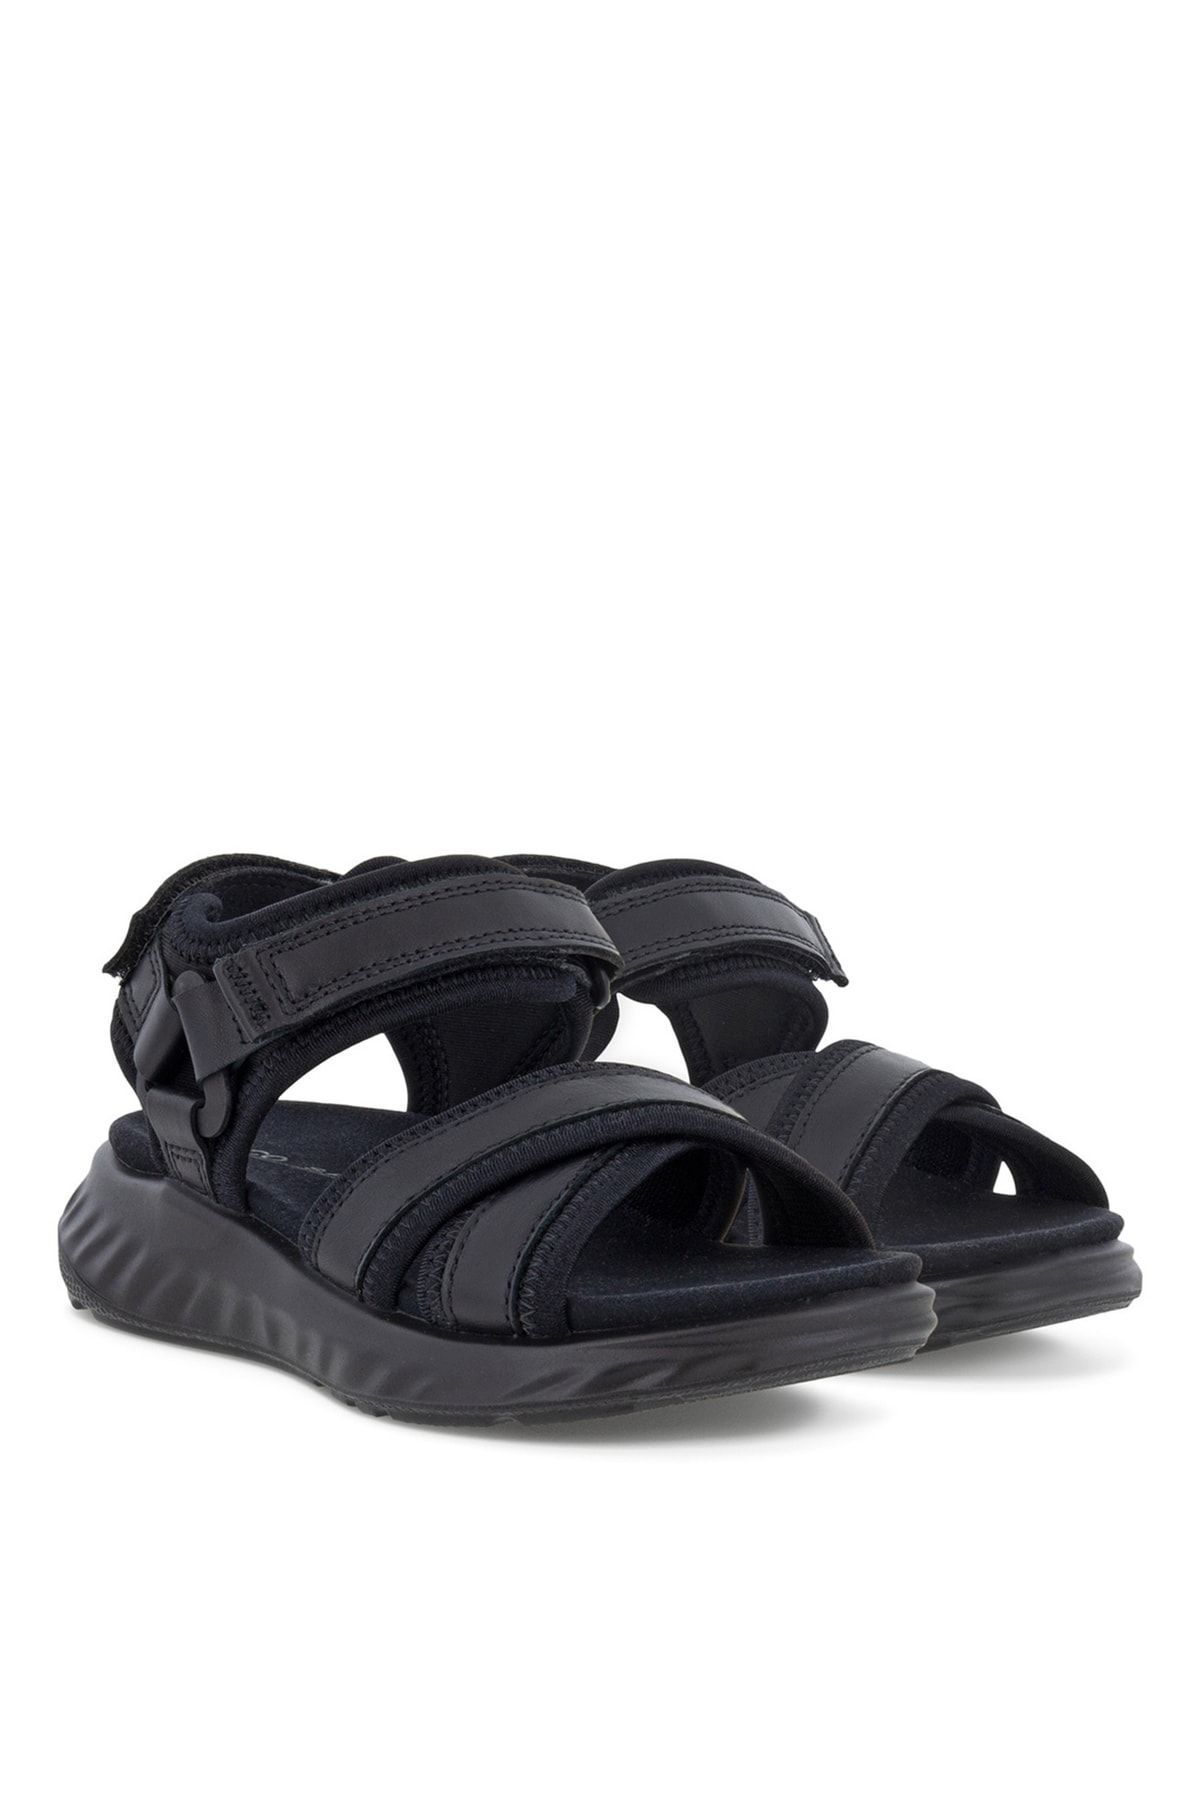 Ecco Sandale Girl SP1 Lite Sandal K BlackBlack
======
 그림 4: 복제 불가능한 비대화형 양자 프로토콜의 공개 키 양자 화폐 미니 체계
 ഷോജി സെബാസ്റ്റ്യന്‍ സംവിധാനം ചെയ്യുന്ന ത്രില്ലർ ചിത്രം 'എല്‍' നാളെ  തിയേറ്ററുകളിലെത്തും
======
:: YOUR OBJECTIVE ::
Please, from the entries above, set down exactly the lines from the one containing "그림 4: 복제 불가능한 비대화형 양자 프로토콜의 공개 키 양자 화폐 미니 체계" through the one containing "ഷോജി സെബാസ്റ്റ്യന്‍ സംവിധാനം", and only those.

:: SOLUTION TO THE EXERCISE ::
 그림 4: 복제 불가능한 비대화형 양자 프로토콜의 공개 키 양자 화폐 미니 체계
 ഷോജി സെബാസ്റ്റ്യന്‍ സംവിധാനം ചെയ്യുന്ന ത്രില്ലർ ചിത്രം 'എല്‍' നാളെ  തിയേറ്ററുകളിലെത്തും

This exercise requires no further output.